Provided data
+-------+

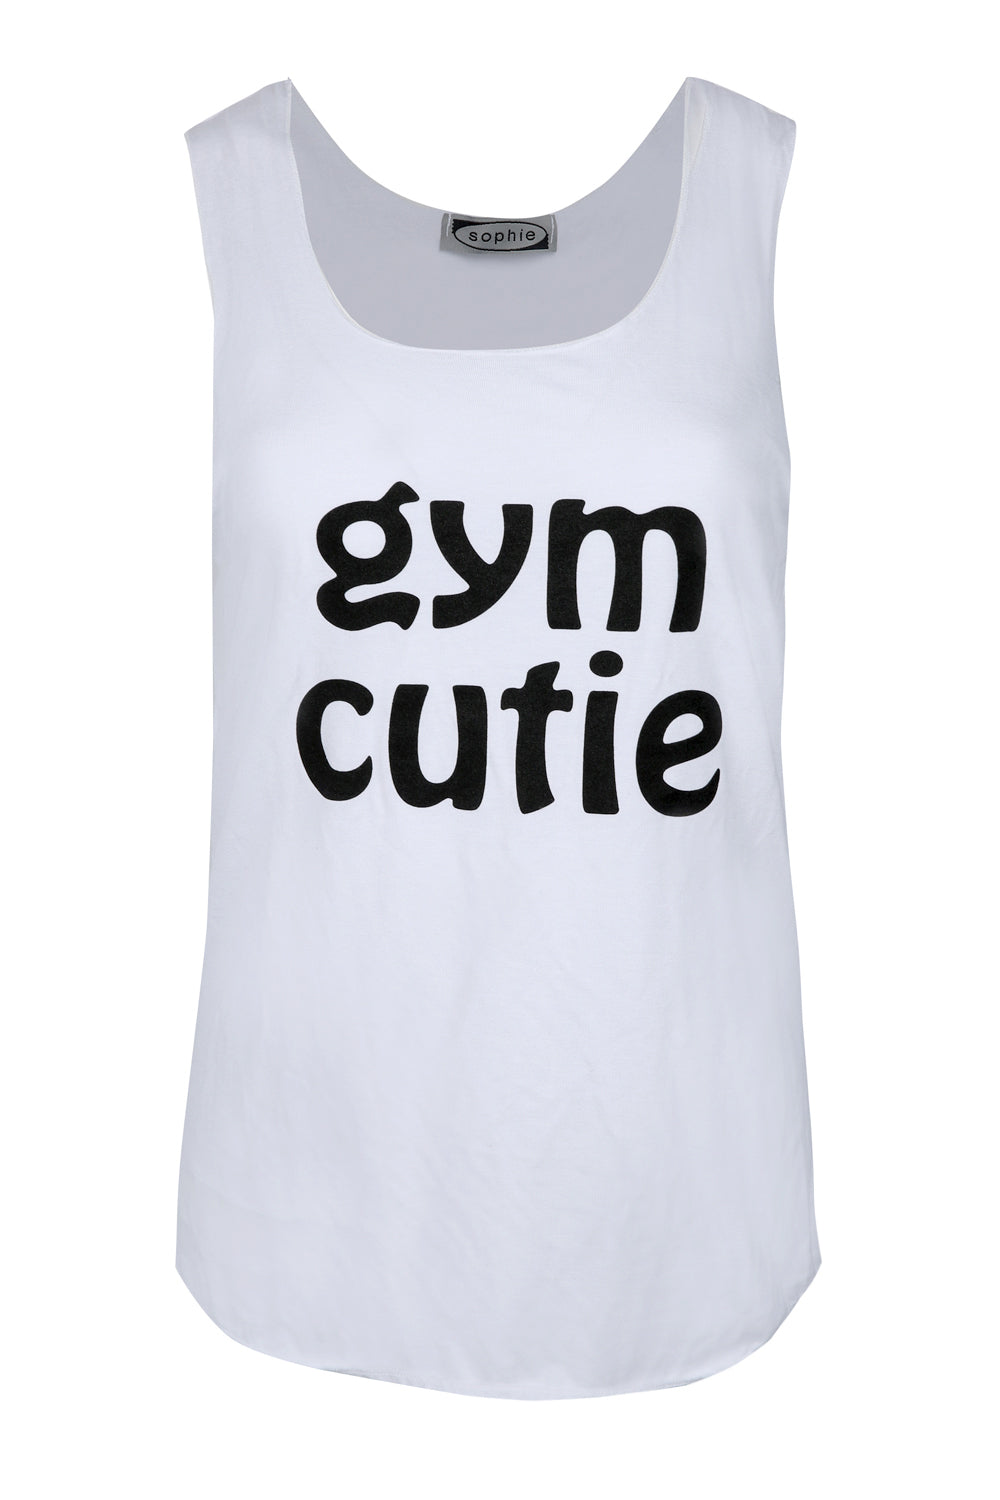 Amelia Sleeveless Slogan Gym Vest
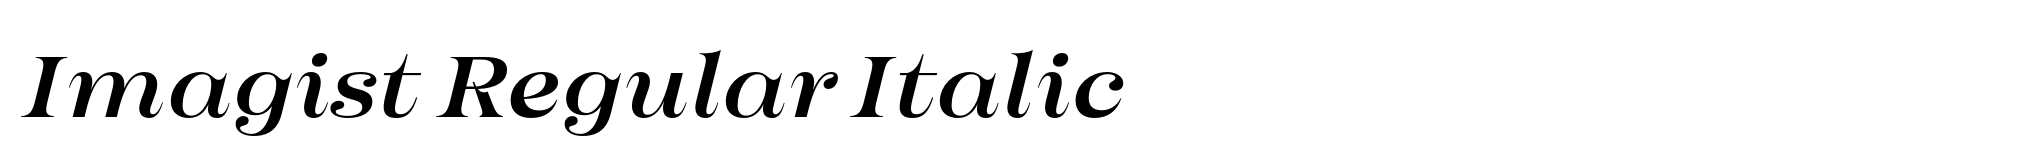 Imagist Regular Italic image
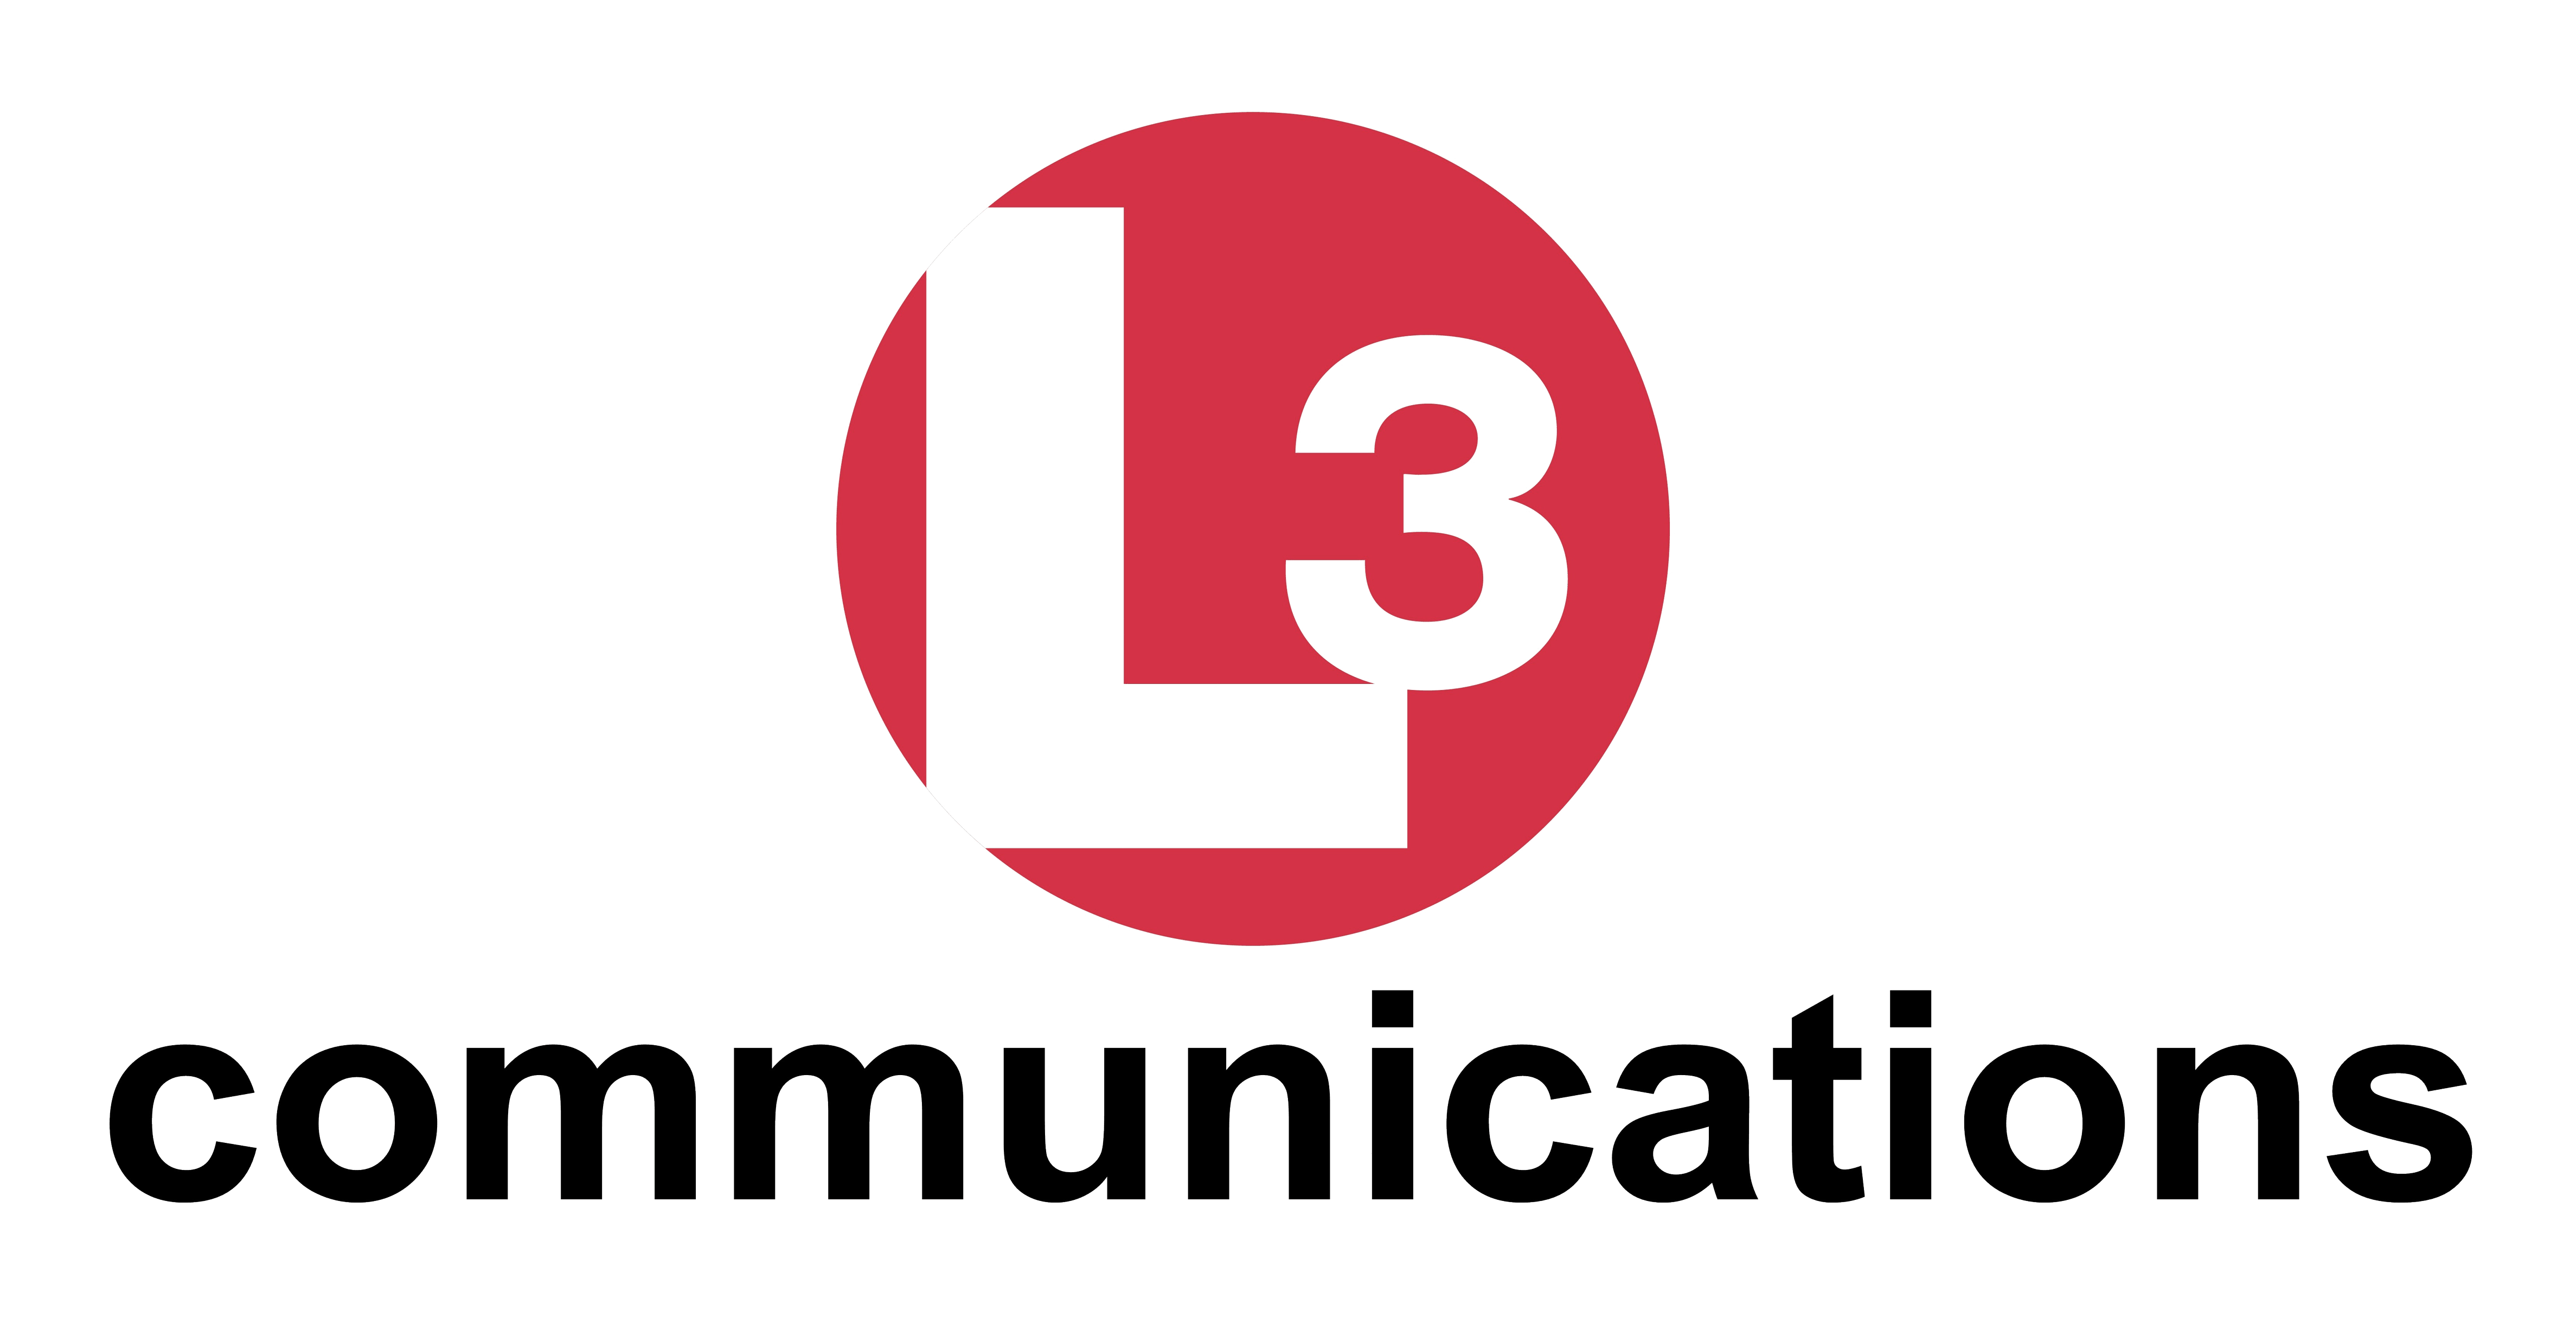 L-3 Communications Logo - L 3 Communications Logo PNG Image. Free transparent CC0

+-------+

Aim of the exercise
Repeat the data exactly, without the pictures.

Written solution
 Amelia Sleeveless Slogan Gym Vest
 Imagist Regular Italic image
 L-3 Communications Logo - L 3 Communications Logo PNG Image. Free transparent CC0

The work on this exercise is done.